Airflow Scheduler liveness probe crashing (version 2.0)

Airflow Scheduler liveness probe crashing (version 2.0) - python-3.x

I have just upgraded my Airflow from 1.10.13 to 2.0. I am running it in Kubernetes (AKS Azure) with Kubernetes Executor. Unfortunately, I see my Scheduler getting killed every 15-20 mins due to Liveness probe failing. Hence my pod keeps restarting.

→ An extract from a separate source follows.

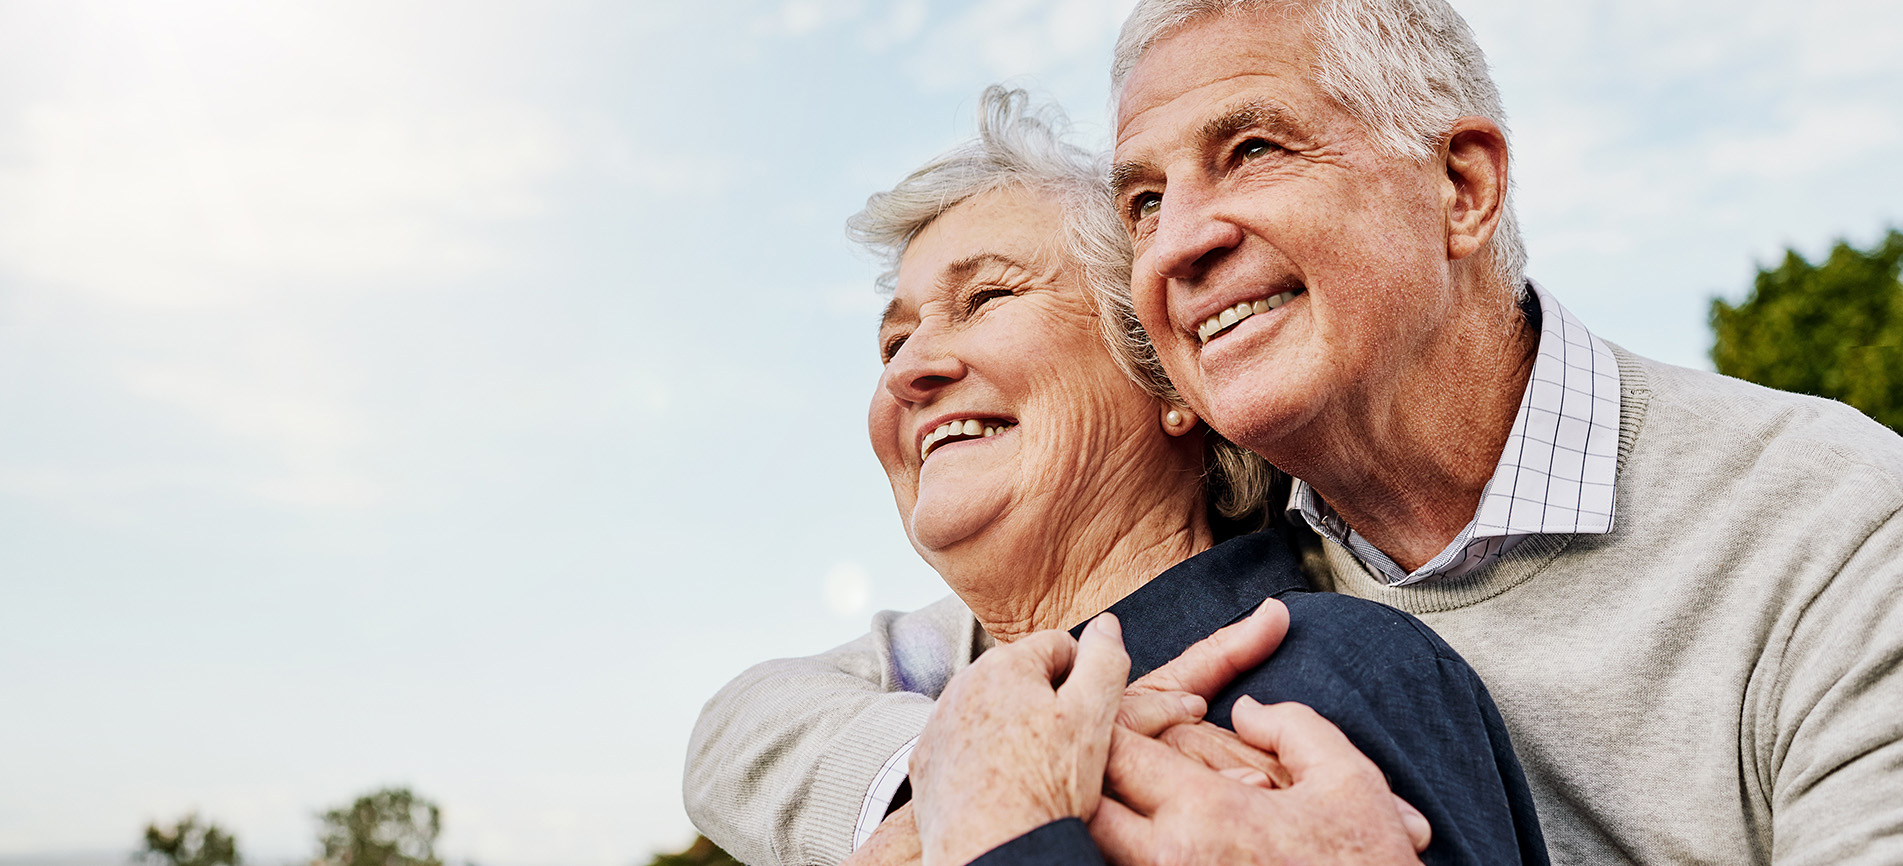 A happy older couple are shown in an embrace against a partly cloudy blue sky.

I had no issues in 1.10.13.
This is my Liveness probe:
import os
os.environ['AIRFLOW__CORE__LOGGING_LEVEL'] = 'ERROR'
os.environ['AIRFLOW__LOGGING__LOGGING_LEVEL'] = 'ERROR'
from airflow.jobs.scheduler_job import SchedulerJob
from airflow.utils.db import create_session
from airflow.utils.net import get_hostname
import sys
with create_session() as session:
job = session.query(SchedulerJob).filter_by(hostname=get_hostname()).order_by(
SchedulerJob.latest_heartbeat.desc()).limit(1).first()
sys.exit(0 if job.is_alive() else 1)
When I look in the scheduler logs I see the following:
[2021-02-16 12:18:21,883] {scheduler_job.py:309} DEBUG - Waiting for <ForkProcess name='DagFileProcessor489-Process' pid=12812 parent=9286 stopped exitcode=0>
[2021-02-16 12:18:22,228] {scheduler_job.py:933} DEBUG - No tasks to consider for execution.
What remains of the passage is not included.